D: Slip frequency will rise to eventually reach fslipweak at a manually set frequency (fweakmax). In my case, this is 5.0Hz slip at 300Hz frequency.

Full release and documentation of this firmware will follow shortly.

[catphish]

Release time! No regen! I've been running this code in my car for several weeks now without regen so I decided it was best to release it without for now. This puts me in a better position to confidently support it.

Attachments

stm32-sine.bin - Version 5.26.Y
stm32-sine.hex - Version 5.26.Y
tesla-sdu-catphish.json - the configuration that I use in my car, high performance but limited to 500A DC.

Parameters

throtcur - set this to the number of amps (peak) per % throttle. SDU tested at 8.0 (800A peak, 560A RMS).
ocurlim - overcurrent shutdown. Set this about 150A higher than throtcur x 100. SDU tested at 950A.
curkp - This is the gain for current correction. SDU tested at 256.
fslipmin - the slip at 0% throttle. SDU tested at 1.0
fslipmax - slip at 100% throttle up to fweakmin. SDU tested at 3.0
fslipweak - the maximum slip for field weakinging. SDU tested at 5.0 (previously known as fslipconstmax)
fweakmin - the frequency to begin field weakening. SDU tested at 200. This is correct for a 300V battery, scale linearly for other voltages. (previously known as fweak)
fweakmax - the frequency to end field weakening. SDU tested at 300. This is correct for a 300V battery, scale linearly for other voltages. (previously known as fconst)
idcmax - DC current limit. The current is rather overestimated. My configuration uses a value of 650 for an actual DC current limit of 500A. If your battery can handle 700A+ and you aren't worried about DC current just keep increasing this until is has no impact.
tripmode - set this to DcSwOn unless you want your inverter exploded.

As always, source code available at https://github.com/catphish/stm32-sine/tree/amp

At this point, I'm looking forward to feedback from anyone else brave enough to test this firmware on an SDU (or maybe LDU). I would advise starting with the supplied parameters as-is, but initially with a substantial reduction in throtcur and ocurlim.

[MattsAwesomeStuff]

I think I'd rather regen than better current control, but, all things in due time.

I'm a long ways away from testing firmware, but hopefully in a few months I'll be rolling (he says, 4 years into a "summer project"), and I'd be happy to give it a whirl then if it's still relevant.

[mario]

Last night I've updated my Prius Gen3 with latest code from https://github.com/catphish/stm32-sine/tree/amp branch - v5.26.X
I did change few of the parameters and will post later in the project thread...
But, with this firmware it was easy for me to find limit and avoid inverter shutdowns by just altering throtcur parameter.
With value 5 there are no restarts and car pulls great, easily catching 6k rpm in second gear on short straight.
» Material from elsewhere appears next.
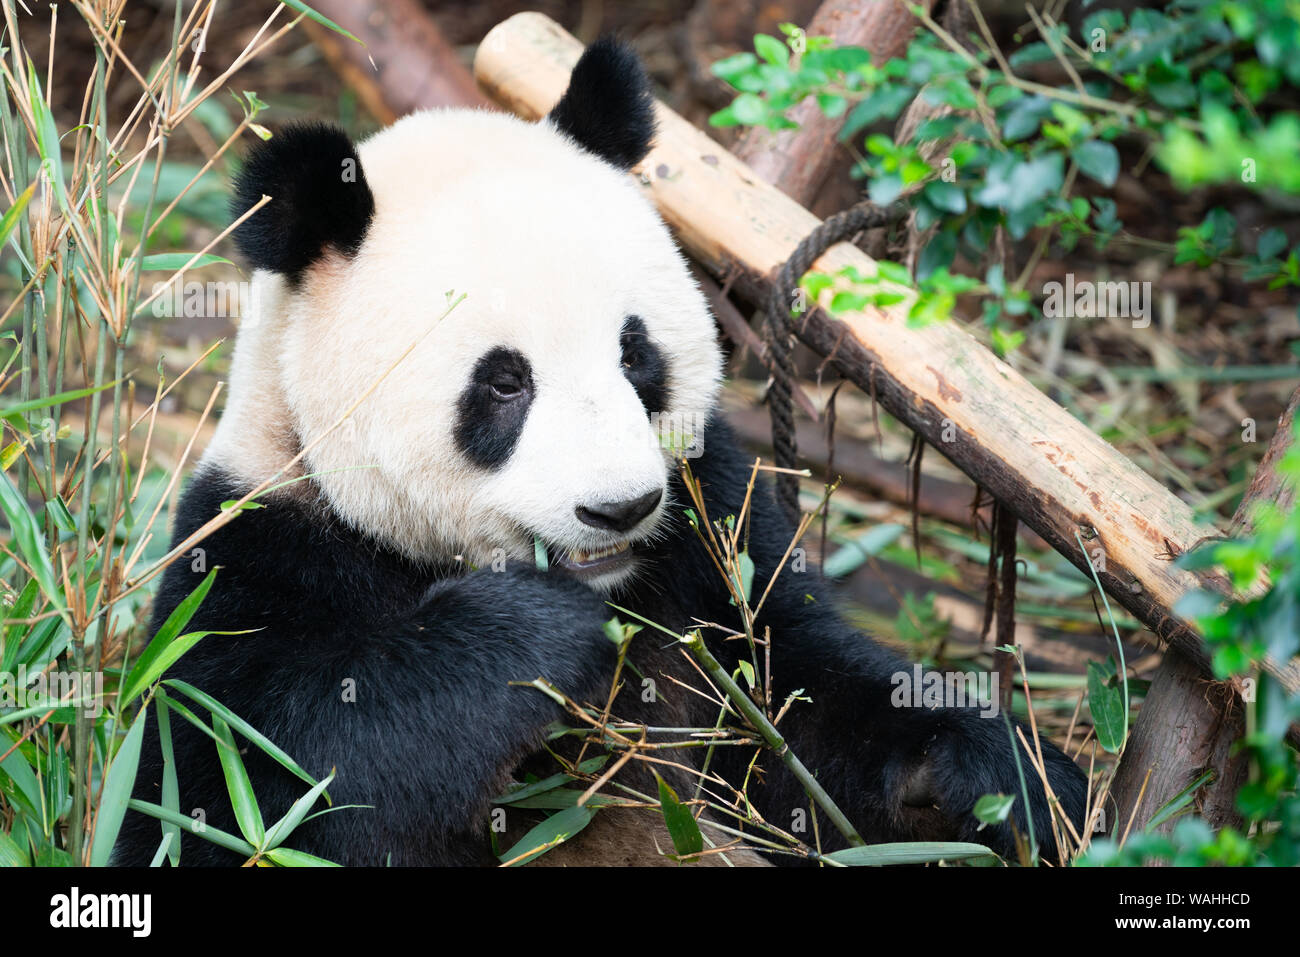 Portait of a Giant Panda eating bamboo leaves in Chengdu Sichuan China Stock Photo

Thanks @catphish, great work.

[catphish]

Last night I've updated my Prius Gen3
I did change few of the parameters and will post later in the project thread...
But, with this firmware it was easy for me to find limit and avoid inverter shutdowns by just altering throtcur parameter.
With value 5 there are no restarts and car pulls great, easily catching 6k rpm in second gear on short straight.

Thank you very much for testing! Great to hear this works on the Prius and you're getting smooth results! I look forward to seeing more details.

latest code from https://github.com/catphish/stm32-sine/tree/amp branch - v5.26.X

It's not very important but the version you built is actually v5.26.Y, I just forgot to push the new version number to the repo. Fixed now.

[mario]

Thank you very much for testing! Great to hear this works on the Prius and you're getting smooth results! I look forward to seeing more details.

Thank you.
There will be no test for some time, as I plan to put car on the stands again and finish everthying that's left.

It's not very important but the version you built is actually v5.26.Y, I just forgot to push the new version number to the repo. Fixed now.

Yeah, it doesn't matter, it was the latest code.